Sorry, its so late. Remember your fat friend with huge boobs. i need her number..its an emergency
so i know my style isnt the best ever but u should have told me i was wearing two different shoes
Call me in 2 minutes and go along with what I say. You're hysterical and I must go comfort you asap. He just asked if I was ready to experience sex with a wizard and he wasnt kidding.
Just role played anchorman. And yes, I did take her to pleasure town.
Also, I've sobered up around 5am, in Delaware.
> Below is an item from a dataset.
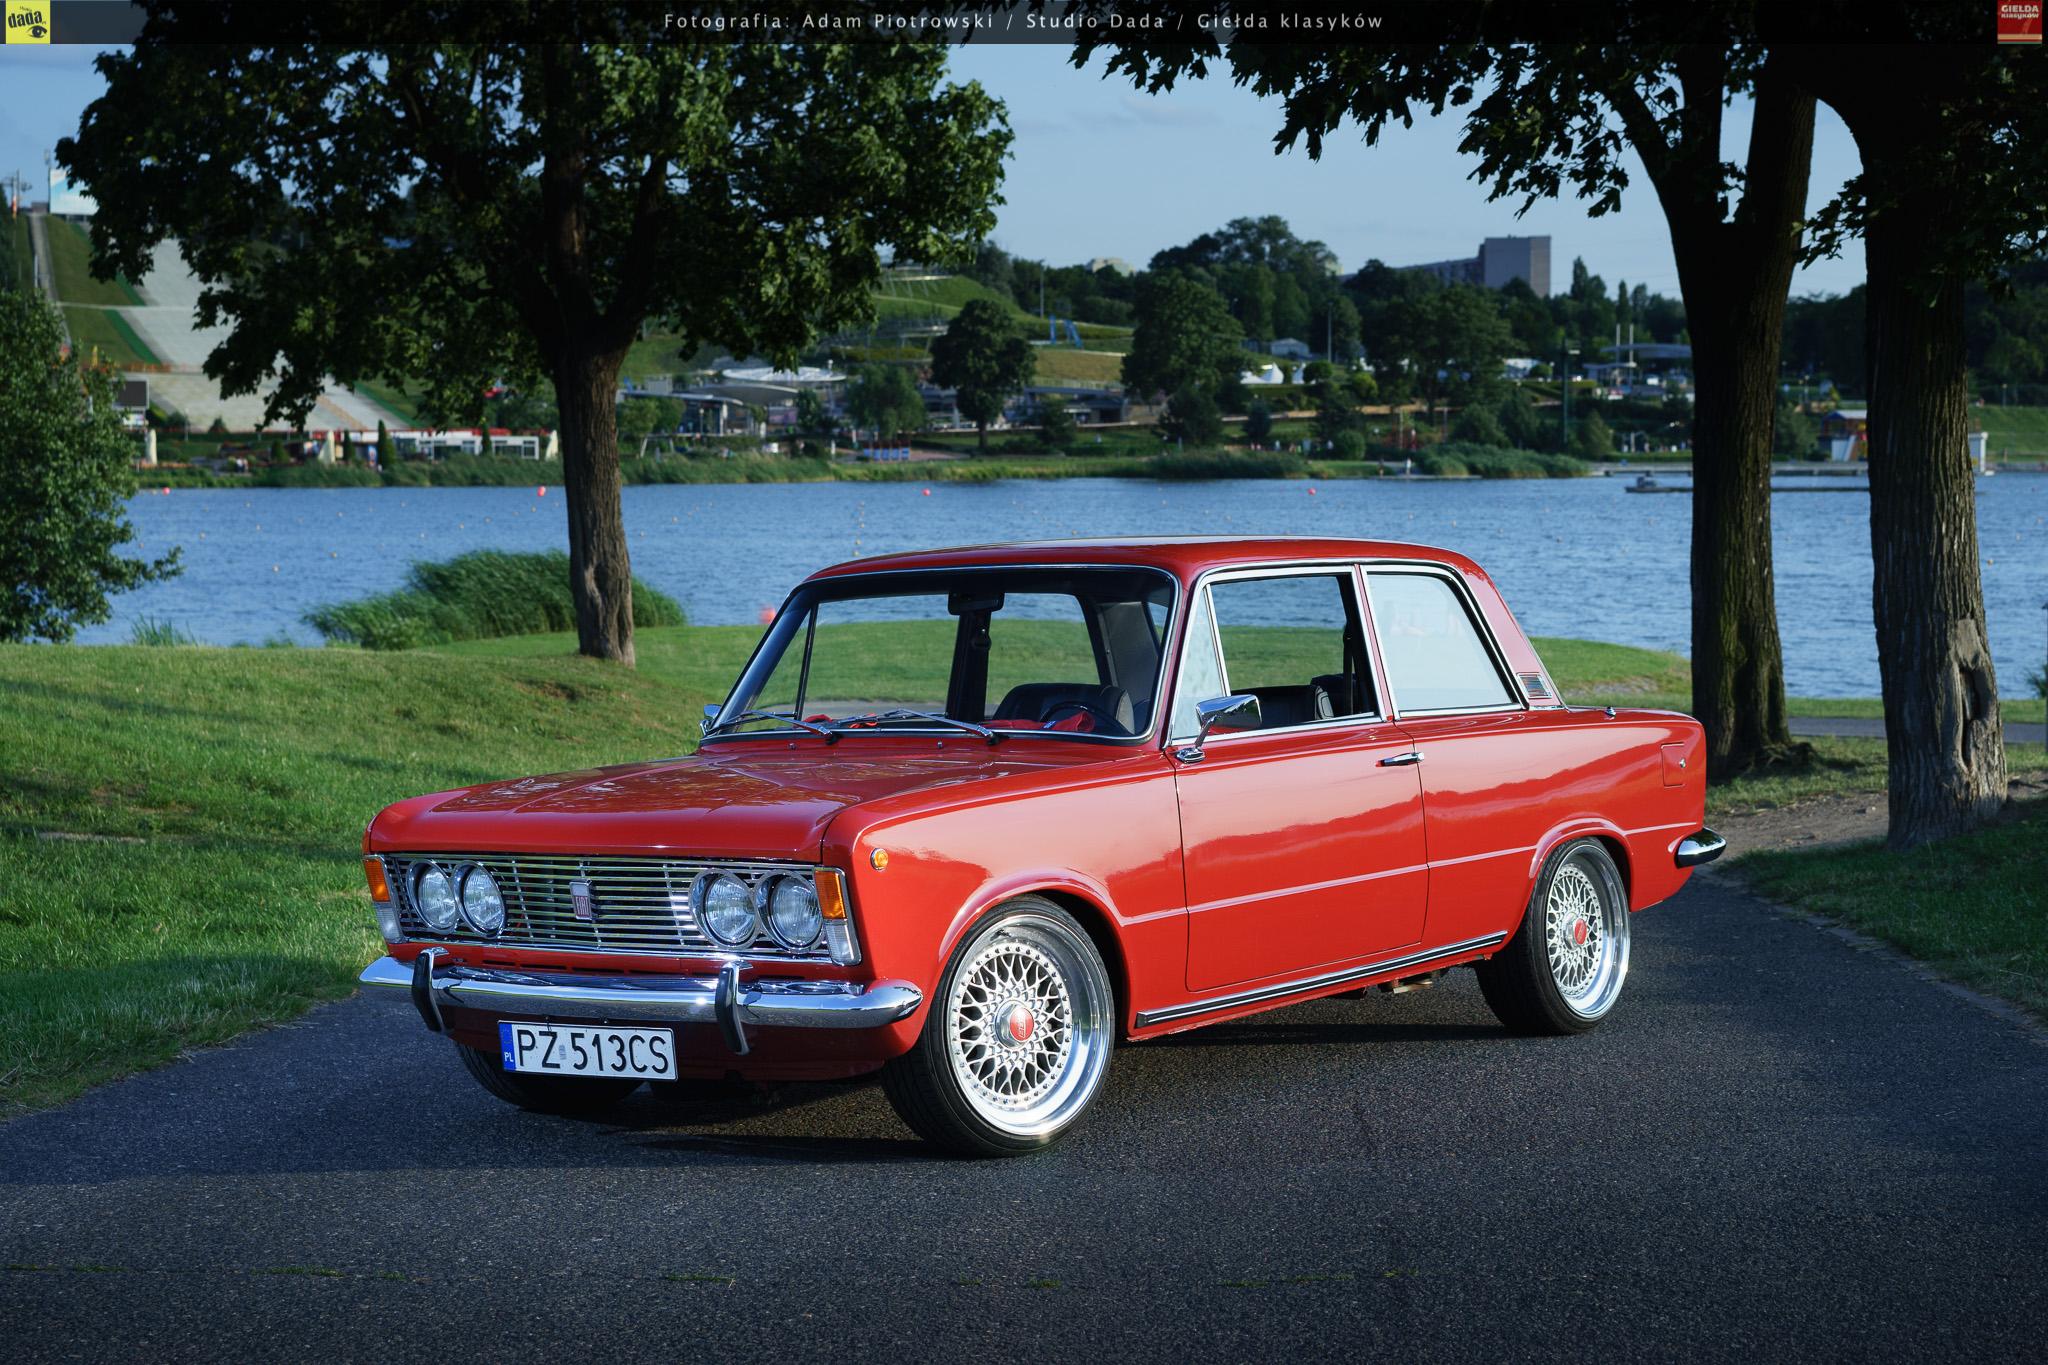 Fiat 125p R32 Coupe 1986 Sprzedany Giełda Klasyk 243 W

I remember making this decision, and highly regret it now.
well if I unknowingly shoved my hand up someones ass, I'm glad it was yours
andd if someone unknowingly shoved their hand up my ass without me knowing, im glad it was you
whatever a "slut portfolio" is, mine is apparently almost complete
yeah i didn't know anyone, but i just walked in with a lit sparkler and wearing a budweiser shirt and someone handed me a beer.
The only thing worse than being arrested is the fact the cop confiscated my green dinosaur costume.
Shirtless guy staggering down the sidewalk, puking into a Prada shopping bag. Ahhh, the walk of shame in Boystown.
Though the booty shorts might give me an extra discount. Or arrested. We'll see.
I made a nest in his bed. I'm not leaving
You're not gonna like every guy whose dick I put in my mouth
1 fuck you 2 fuck her 3 ur forgiven 4 im breaking up with her
Have you ever forgotten how to pee? I did last night. Standing in front of the urinal with dick in hand. WTF were we drinking???